El sexo virtual esmás real y fuerte que nunca, sigue creciendo y se diversifica gracias a los avances de la tecnología para satisfacer los más insólitos deseos sexuales.
Cuando nos preguntan sobre las formas de sexo pensamos lo primero que se nos viene a la mente es el sexo vaginal, de ahí en el sexo oral y quizá en último lugar el sexo anal. Pero hasta ahí las tres son las formas clásicas de sexo.
Sin embargo, este siglo XXI ha añadido dos más: el sexo virtual, el cual se divide en dos subclases el cibersexo y el sexo telefónico. Veamos cada uno de ellos:
¿Puede ser el sexo virtual una experiencia excitante? Depende de tus gustos, claro, y de tu grado de desinhibición, ya que el sexo virtual implica sus riesgos.

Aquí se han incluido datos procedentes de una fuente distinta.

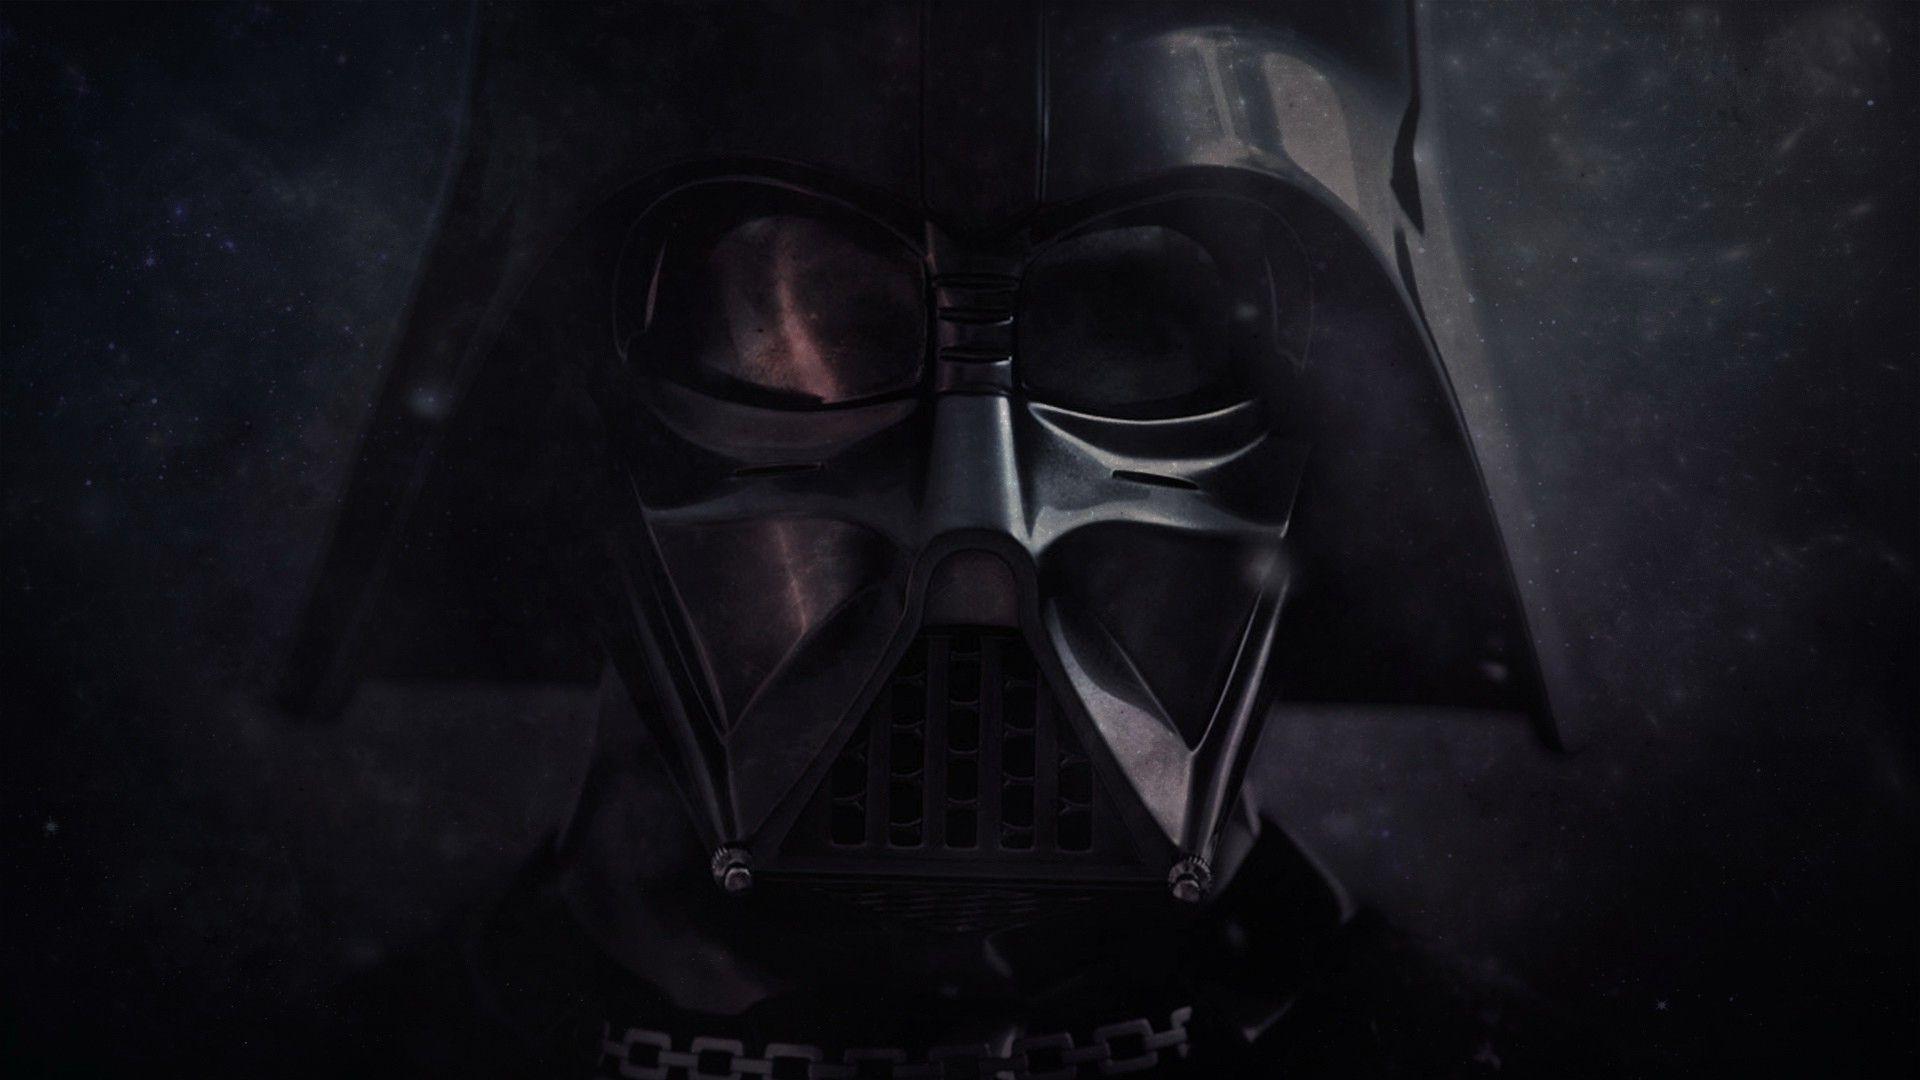 Darth Vader Live Wallpaper Android Apps on Google Play | HD Wallpapers |  Pinterest | Darth vader, Wallpaper and Wallpapers android

Lo que puede hacer al sexo virtual excitante, a pesar de la ausencia de contacto físico, es que es una experiencia diferente, producto de estos tiempos gobernados por el avance tecnológico.

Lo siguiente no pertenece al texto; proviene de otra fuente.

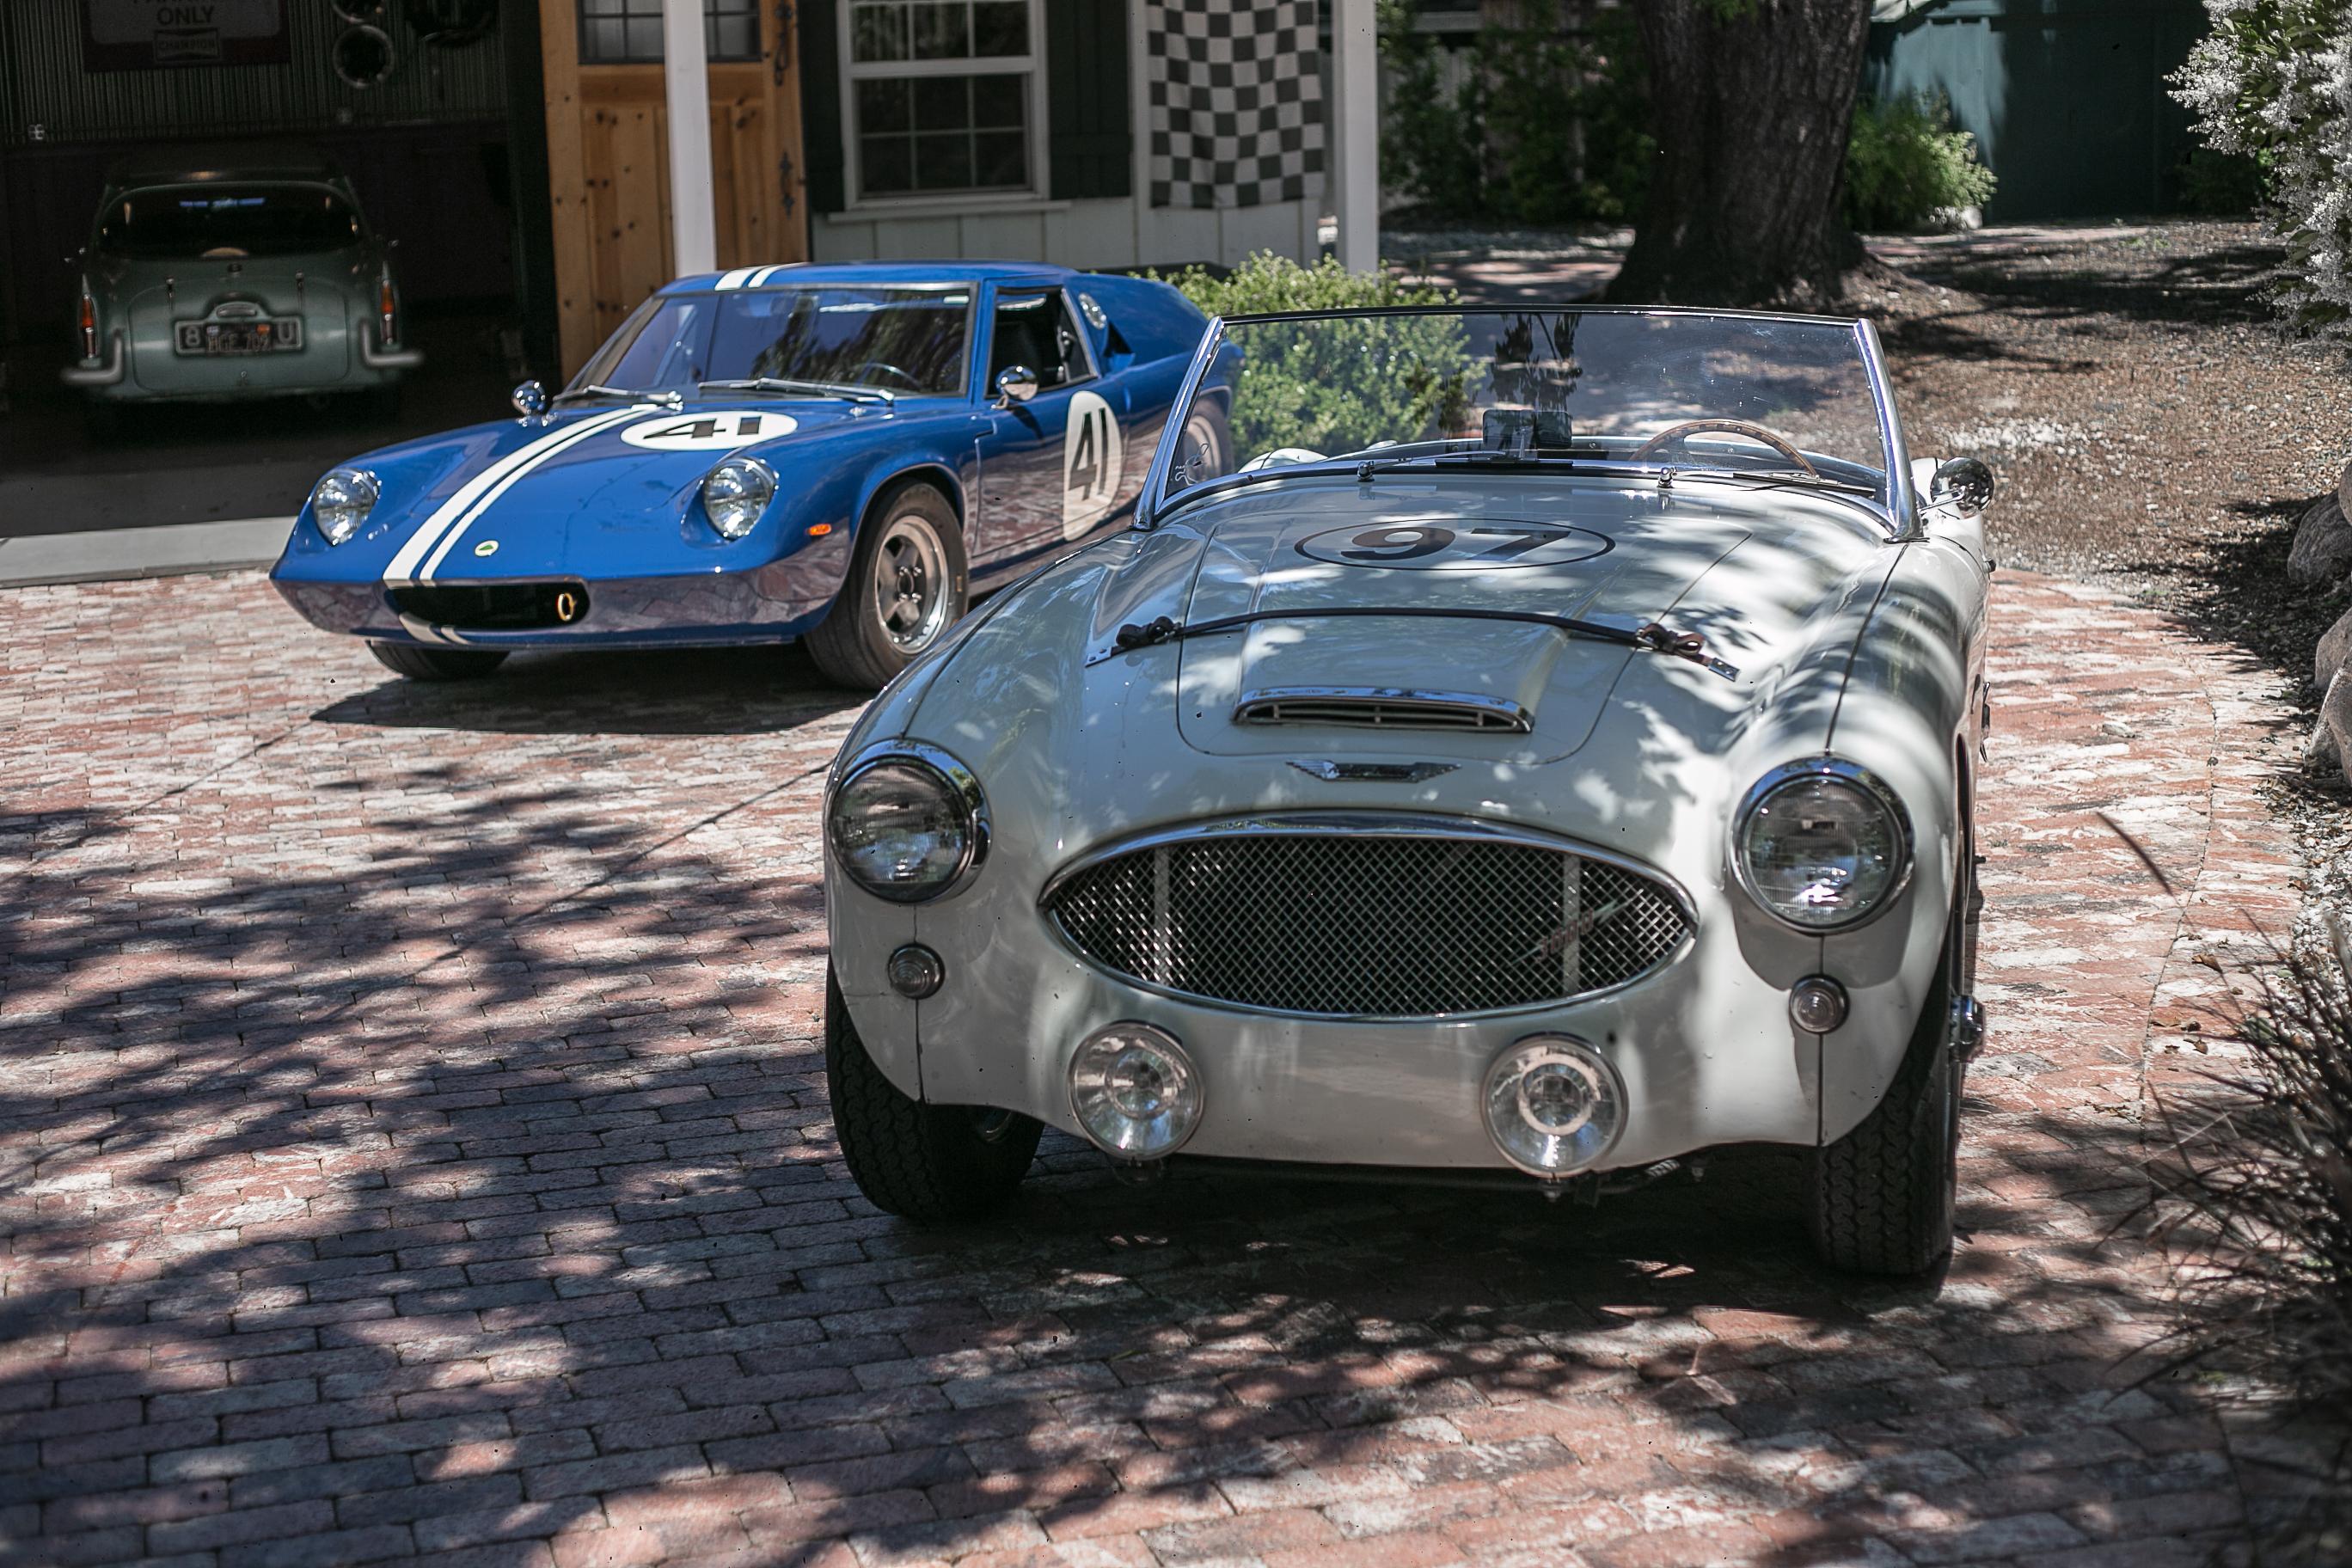 A 1960 Austin-Healey 3000 MkI and a 1970 Lotus Europa.

El sexo virtual, si bien es para algunos solo un juego o una travesura, para otros es una opción de suplir la falta de una pareja estable, o en caso de tenerla lejos, de mantener la llama de la pasión viva a pesar de la falta de contacto físico.
Aunque tenga sus detractores, no se le puede quitar al sexo virtual sus ventajas añadidas, que para muchos la hacen una opción válida y placentera.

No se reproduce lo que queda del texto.